Voyager 2 Becomes Second Spacecraft to Ever Reach Interstellar Space

NASA’s Voyager 2 spacecraft entered interstellar space, a region of space that only one other manmade spacecraft has ever reached.

The Voyager 2 was launched in the summer of 1977, along with its twin spacecraft, Voyager 1. The two have been traversing space for decades, each with different missions. Voyager 1 entered interstellar space in 2012, and Voyager 2 is now also there, the NASA Jet Propulsion Laboratory reported.

Voyager 2 left the Heliopause, the outer boundary of the Heliosphere. It is a region beyond the solar system but still influenced by the sun, as there still exists solar wind. But in the heliosphere, the solar wind is slower due to its distance from the sun, and the influence of interstellar gas pressure, NASA’s Jet Propulsion Laboratory reported.

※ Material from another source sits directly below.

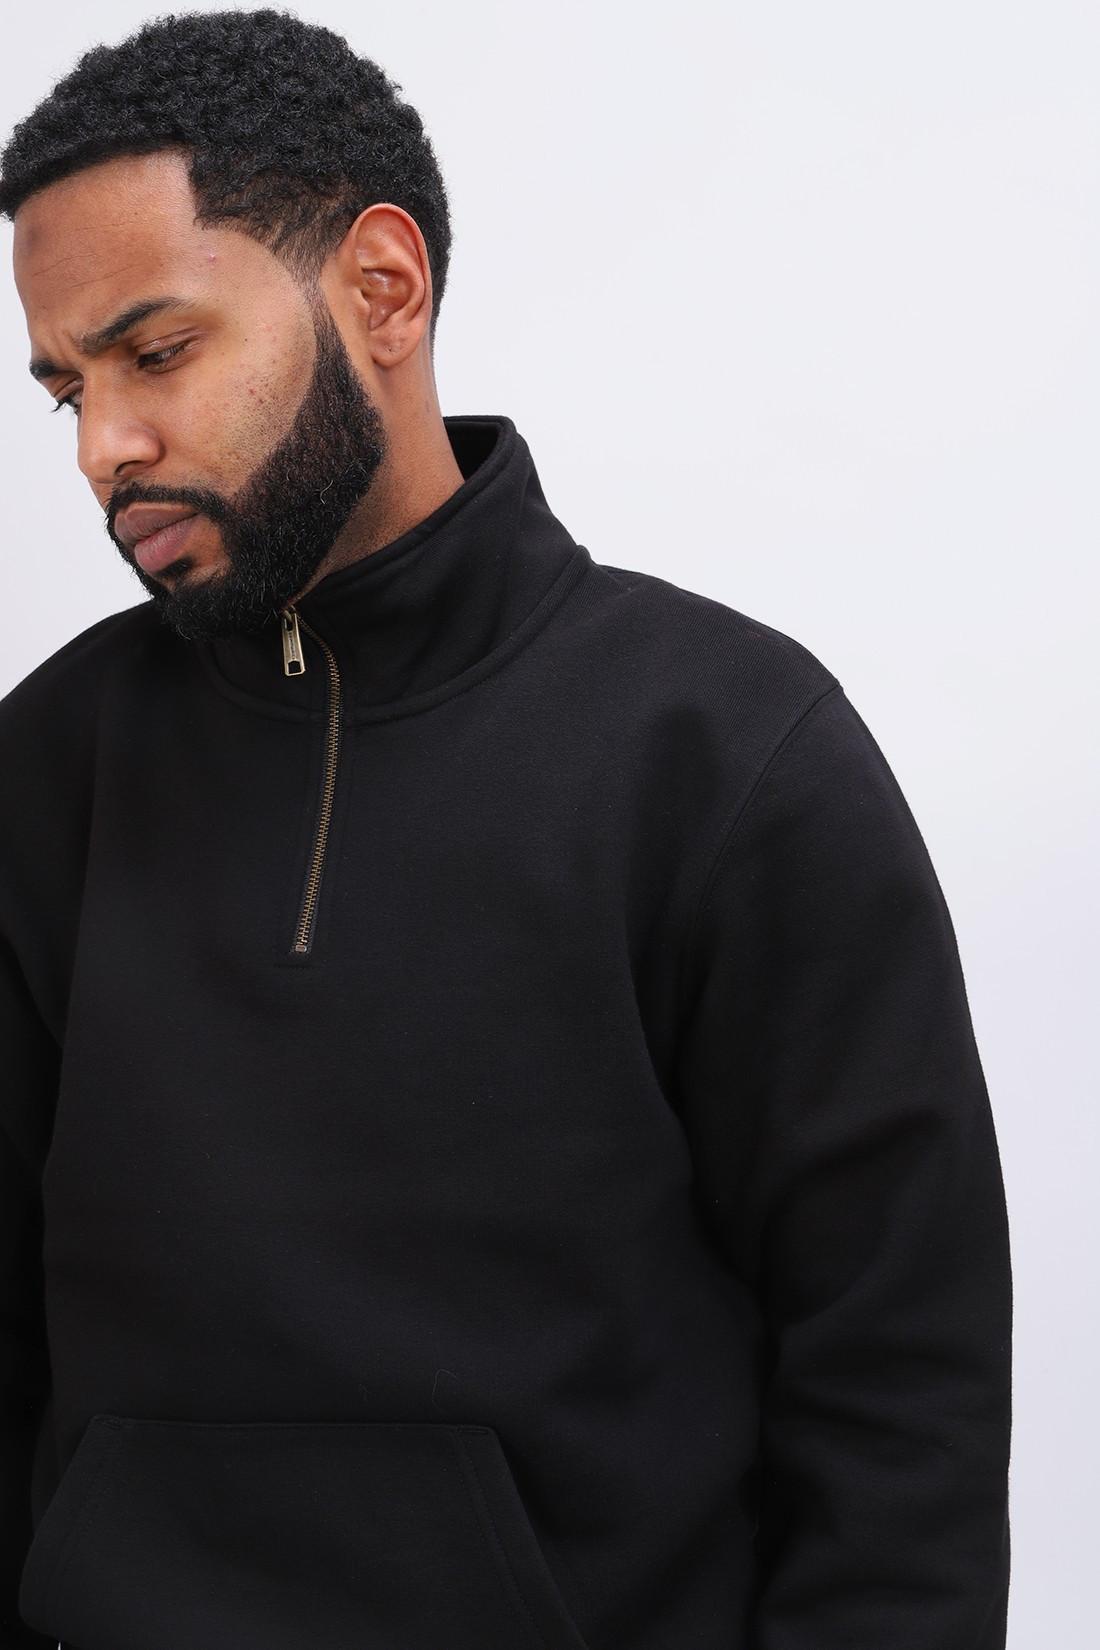 CARHARTT WIP / Chase neck zip sweat Black gold

NASA knows that the Voyager 2 entered interstellar space due to the Plasma Science Experiment that still functions aboard the spacecraft. The experiment uses the measurement of electric current in plasma to detect solar wind levels. Scientist detected that the measurements dropped to zero, indicating an absence of solar wind, and therefore, entry into the new region of space. The Plasma Science Experiment stopped working on Voyager 1 in 1980.

“Working on Voyager makes me feel like an explorer, because everything we’re seeing is new,” said John Richardson, principal investigator for the Plasma Science Experiment instrument, via the NASA press release. “Even though Voyager 1 crossed the heliopause in 2012, it did so at a different place and a different time, and without the PLS data. So we’re still seeing things that no one has seen before.”

On Nov. 5 scientist detected that as the number of heliospheric particles detected by Voyager 2 went down, the amount of galactic cosmic rays went up, according to the Jet Propulsion Laboratory.

What will Voyager 2 discover in interstellar space?

Voyager 2 visited Jupiter, Saturn, Uranus, and Neptune during its time exploring space. It also discovered 16 moons, space.com reported. And now that Voyager 2 has entered interstellar space with a working instrument, it will send back a type of data that scientists have yet to encounter, according to a press release from the Jet Propulsion Laboratory.

Voyager 2 is more than 11 billion miles from Earth. At that distance, the data takes 16 1/2 hours to travel back to Earth, even though that information is transmitted at the speed of light.

“Voyager has a very special place for us in our heliophysics fleet,” said Nicola Fox, director of the Heliophysics Division at NASA Headquarters, in a statement obtained by Fox. “Our studies start at the Sun and extend out to everything the solar wind touches. To have the Voyagers sending back information about the edge of the Sun’s influence gives us an unprecedented glimpse of truly uncharted territory.”

Both the Voyager 1 and Voyager 2 have memorabilia from Earth. Scientist see it as a way of preserving Earth’s culture. They also contain a Golden Record of Earth, which has sounds, images, and messages from Earth.

Following the example of the previous Pioneers 10 and 11 probes, which carried plaques identifying the time and place of their origin, “NASA placed a more ambitious message aboard Voyager 1 and 2, a kind of time capsule, intended to communicate a story of our world to extraterrestrials,” according to NASA’s website.